For the ordinary person, some questions arise: does this act of mental gymnastics for Mr Golding ever lead to a conflict of interest between the interest of the country as a whole and the Labour Party's garrison politics? Does fancy speak to hide behind the rules and standing orders of Gordon House to shield against searching questions, the answers to which everyone earnestly needs to know, inspire trust in the person seeking to invoke the shield for their own convenience? Since the answers cannot be given by the Government in Gordon House, why does the Labour Party not issue its own statement to clarify the matter?
Listening to the prime minister's contortionist responses on the Manatt, Phelps & Phillips affair is at times as frustrating as listening to a clever lawyer trying to get a client off a charge purely on a technicality, even if the natural truth of the matter would lead any reasonable person to conclude the suspect is guilty as charged.

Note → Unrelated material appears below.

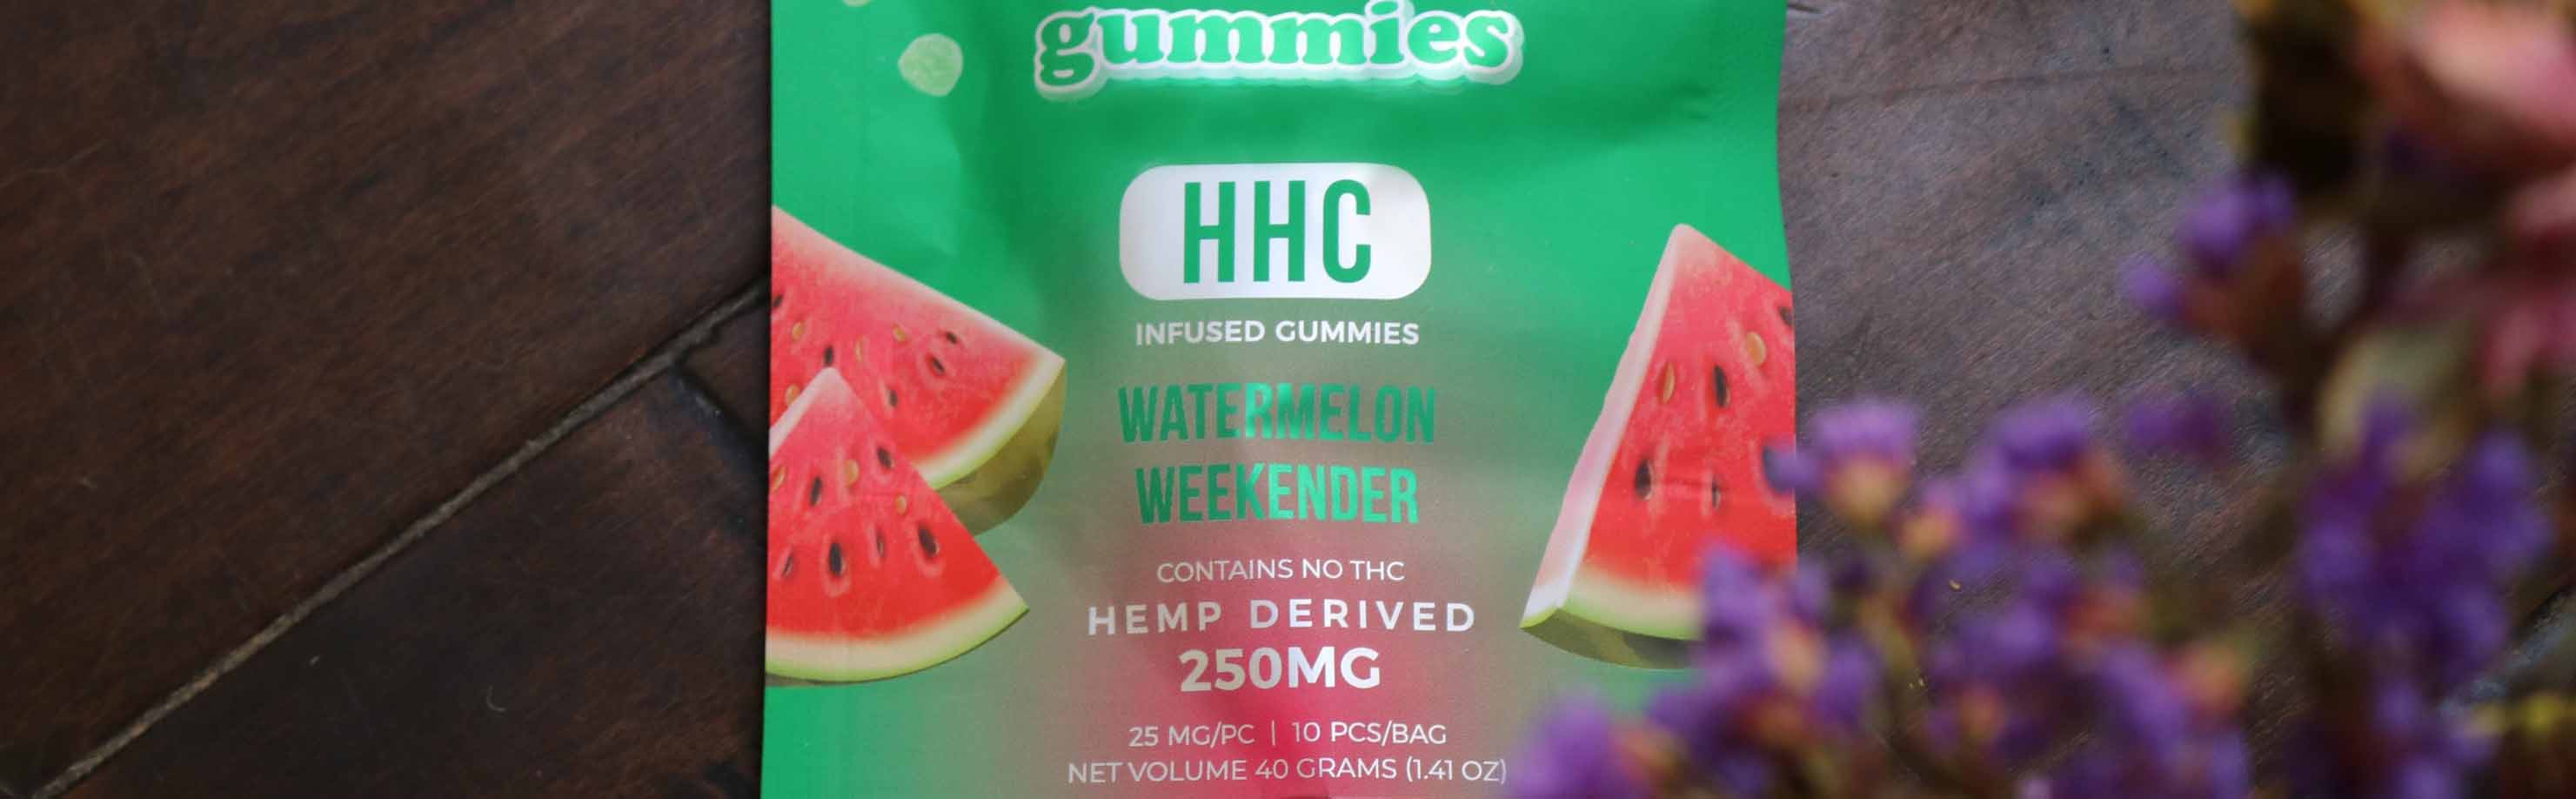 hhc-gummies-2

In all Mr Golding's manoeuvrings to reinvent a palatable explanation of what transpired, he should understand that the interest in this extradition case has international attention. If he does not believe the Jamaican electorate is sufficiently savvy to join the dots themselves, then he should be minded that overseas foreign offices and state departments are also following this well-reported event.
It does not matter what colour of politics you support, no one likes to be sold short of the truth. At the end of the day, it is a question of whether Mr Golding has irrevocably lost the confidence of the nation to continue in the capacity of prime minister.